NEWS
04/26/2016 13:13 EDT | Updated 04/27/2017 01:12 EDT

Term "NextGen" to become more prominent in Canadian high-performance sport

When Sean MacKinnon wheels to the start line of a stage race in Luxembourg next week, his bike will have been prepped by a mechanic.

The 20-year-old from Hamilton doesn't have to work on his own bike, he doesn't have to figure out how to get to the cities he's racing in, or arrange transportation for himself and his bike once he gets there.

Having those logistics taken care of by someone else feels like a luxury to MacKinnon. He was an 18-year-old fending for himself on those fronts two years ago while racing in Belgium.

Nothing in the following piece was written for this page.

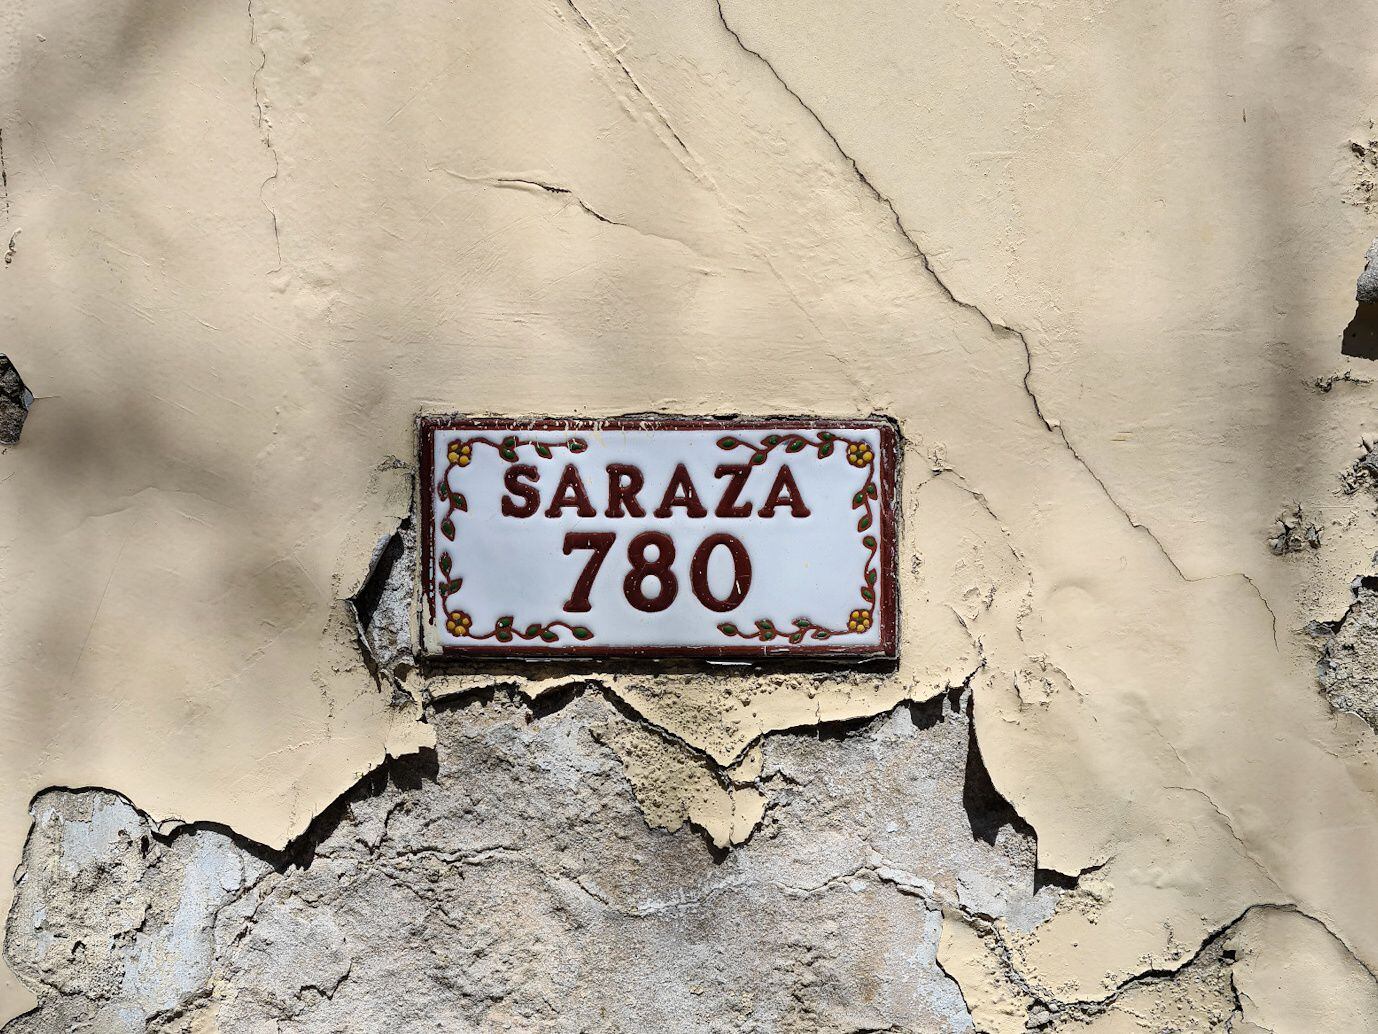 La calle que atraviesa barrios del oeste recibió el nombre en 1904. El primer Saraza que arribó al Río de la Plata lo hizo en 1757.
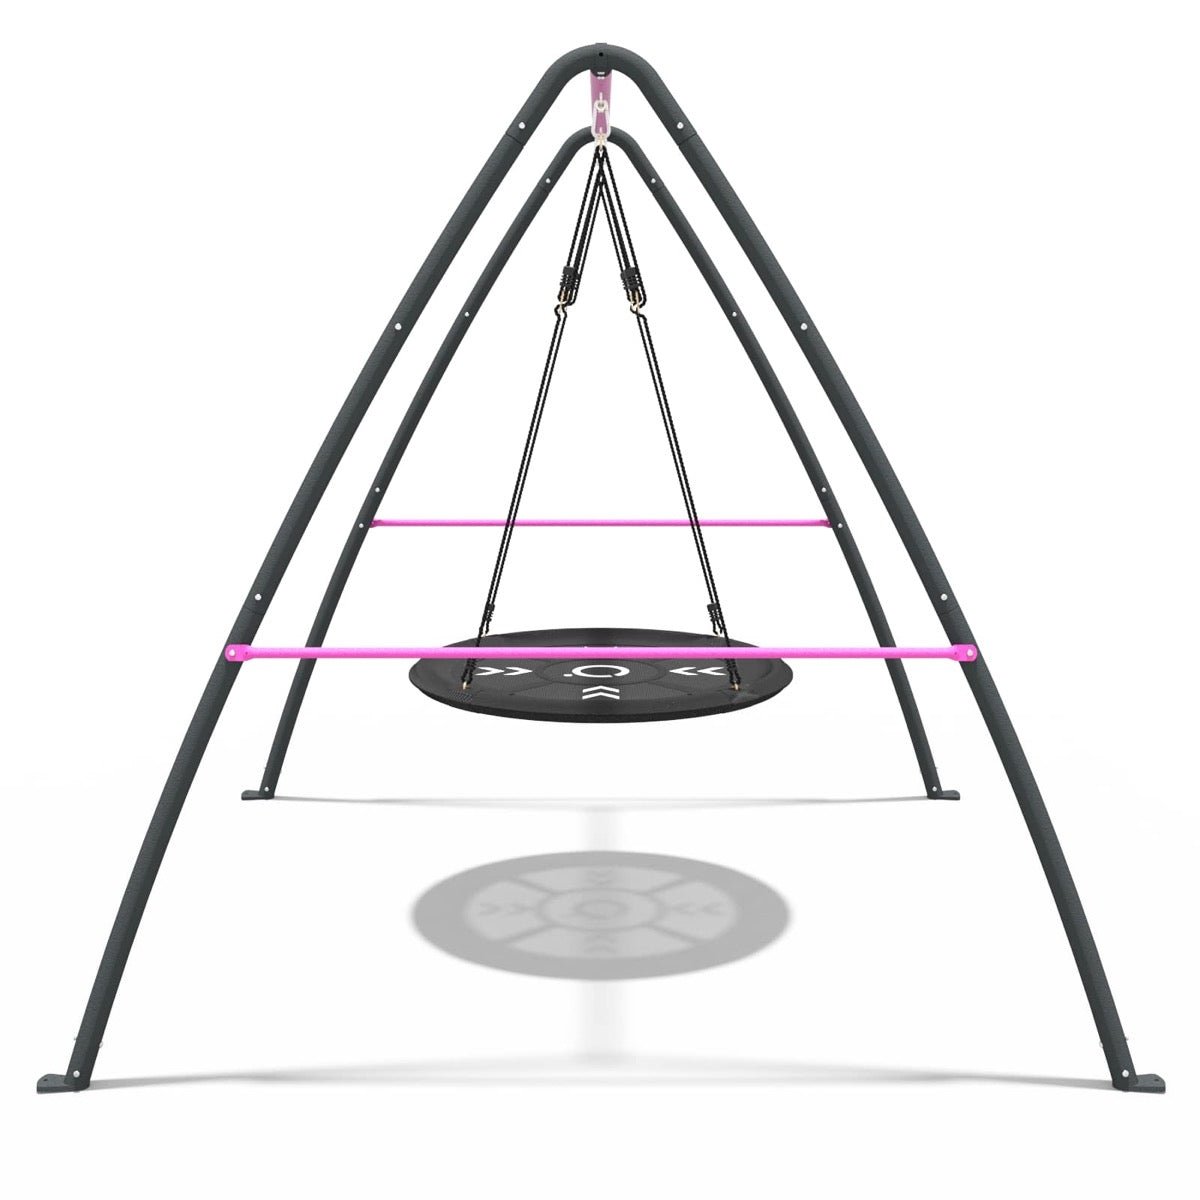 Rebo Steel Series Metal Swing Set - Nest Swing Pink

"It's just totally different," MacKinnon said from Nice, France. "It's a huge difference having support staff around more or less full time when you're going from having nothing."

MacKinnon is part of Cycling Canada's NextGen men's track endurance program, which is for road and track prospects deemed medal contenders at the 2020 Summer Olympics in Tokyo.

"NextGen" has been popping up in Canadian high-performance sport of late and the term is about to become more prominent.

The Liberal government is following through on a commitment by the Conservatives in the 2015 federal budget to funnel extra money towards athletes like MacKinnon. He won Pan Am Games bronze medals last year in both the road time trial and track team pursuit.

It's an investment of $5 million annually for four years starting in 2016, on the condition Own The Podium match that figure via its own fundraising. So it's worth $40 million to Canada's "next generation" of summer and winter Olympians, meaning those athletes five to eight years away from their peak.

"As successful as we are today and as successful as we'll be in Rio, the only way we can sustain that success is by investing in our athletes that are five to eight years out," Minister of Sport Carla Qualtrough said.

"We know that's a tough period when you're beyond the provincial level, but you haven't quite made the carded-athlete, national-team status."

Canadians who finish fifth to eighth in Olympic Games are one indicator of future medal potential in the pipeline. The numbers in that category have been flat-lining in summer sport and dropping in winter sport.

OTP doles out money, the majority of it from taxpayers, based on a sport federation's ability to produce athletes with Olympic medal potential.

OTP chief executive officer Anne Merklinger called it “one of the best days of my career” when NextGen funding made it into the 2015 federal budget. But an election and change in government cast uncertainty over whether that money would still be there in 2016.

Her strategy was to deliver a unified message from sport organizations that Canada will slide off the podium if there wasn't an investment beyond whatever Olympic Games are coming up next.

"This is one time that everyone has come together and said, 'our investment in the next generation of podium potential athletes is a significant gap for this country,'" Merklinger said.

"All political parties have listened to that. That's been reflected in the transition from the previous government to the new government. That's worthy of celebration."

A few sport federations such as Cycling Canada had access to OTP money to set up NextGen programs before this new money came down the pipe.

"There just hasn't been enough funding to go around," Merklinger said. "We had to limit that to category one and category two sports and even then we couldn't resource it to the level we wanted to.

"Now we get to go deeper and we get to examine all sports that have athletes that have shown medal potential whether they're targeted sports or not."

What track coach Ian Melvin and road coach Luc Arseneau do for MacKinnon and the nine others in the NextGen track/road group is keep them under an umbrella of a year-long racing and training plan, instead of hoping the young men are doing the right things on their own between events.

"We're able to start working with them and developing them as an athlete from a younger age than we could have done historically," Melvin said. "We've been able to create and build a program and a pathway to essentially move them one step to another."

MacKinnon still pays $6,000 a year out of his own pocket to race.

"We're still working covered in Band-Aids," Melvin said. "The NextGen funding does not come close to covering our actual running costs."

After Luxembourg, MacKinnon has more stage races in Germany and France. There is no way he would be able to get this much race experience if not for NextGen, he said. Could it help him win a medal in Tokyo?

"I think it 100 per cent will," MacKinnon said. "It's really cool this has actually started."